Они бросились обратно к кучке золота на дороге и поспешно наполнили свои тощие кошельки, которые оказались слишком малы. С помощью кинжала Абдула они разрезали камзол Пьера пополам и, несмотря на крайнюю спешку, поделили остаток денег на две удивительно равные кучки.
— Я не возражаю завести себе в Турции одну или две жены, — прошептал Мануэль, взглянув через плечо. Дорожная пыль, кое-где политая кровью, смешалась с золотыми монетами в их сжатых кулаках.
— Не бери больше, чем тебе причитается, друг мой. Заметь, что я пользуюсь лишь одной рукой.

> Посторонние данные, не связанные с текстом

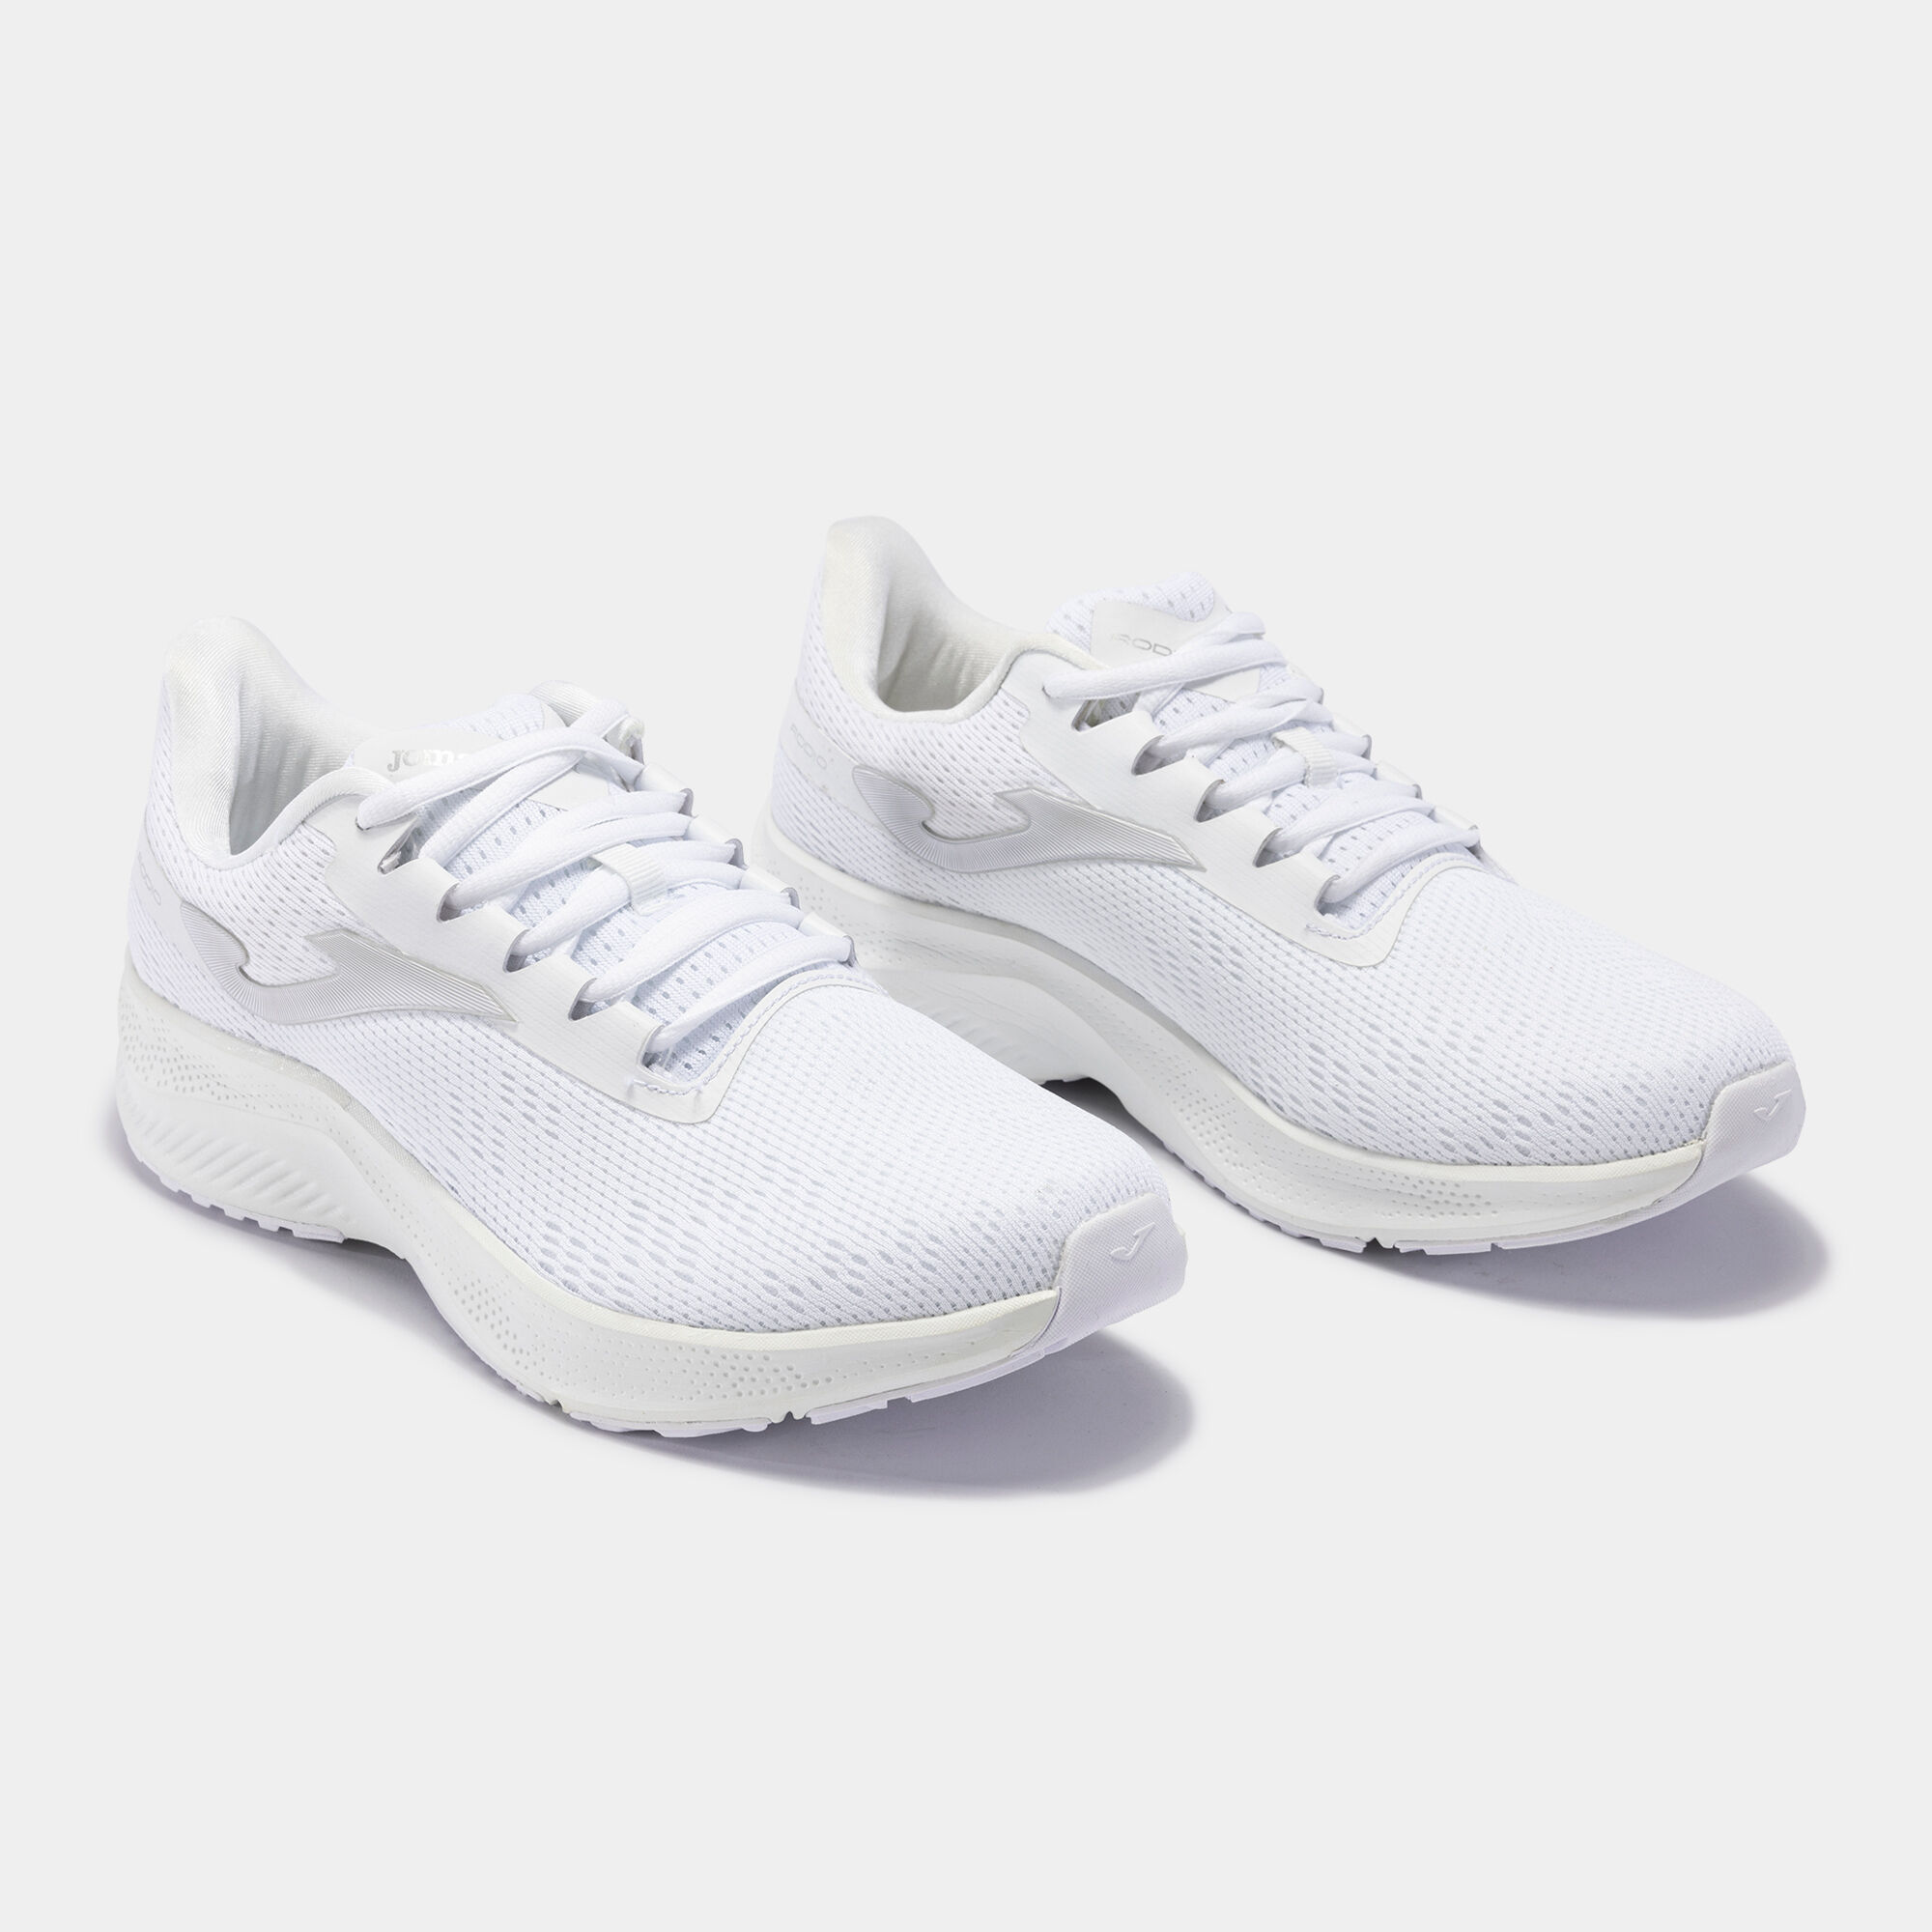 Running shoes Rodio 22 woman white

— Нет, Мануэль, мы снова поделим все, когда будем вне опасности. Мы же старые друзья, Мануэль.
— Конечно.
Шаги мулов слышались уже близко. Кучка золота исчезла, завернутая в остатки камзола Пьера. Мануэль столкнул фонарь в ущелье. Они вскочили на коней и помчались галопом со скоростью ветра.
— Если нам повезет, мы достигнем границы завтра в это же время, — крикнул Мануэль своему спутнику. — Мой конь отдохнул, и я уже могу немного двигать правой рукой.
На самом деле рука у него не двигалась.
— Мой конь полон сил, как и твой, друг Мануэль. У меня из носа перестала идти кровь. Никогда в жизни я не чувствовал себя лучше.
Кровь все текла у него из носа, и он чувствовал себя отвратительно.
— Мы должны держаться вместе, как старые друзья, — сказал Мануэль. — На границе нам нужно давать одинаковые объяснения.
— Естественно.
Каждый из них взвешивал свои шансы добраться до границы живым и каждый думал, что другому это не удастся.
Позади в ущелье экран фонаря из козьей кожи загорелся и этот яркий дымный огонь служил маяком для Пьера, который, превозмогая боль, начал взбираться по склону к дороге.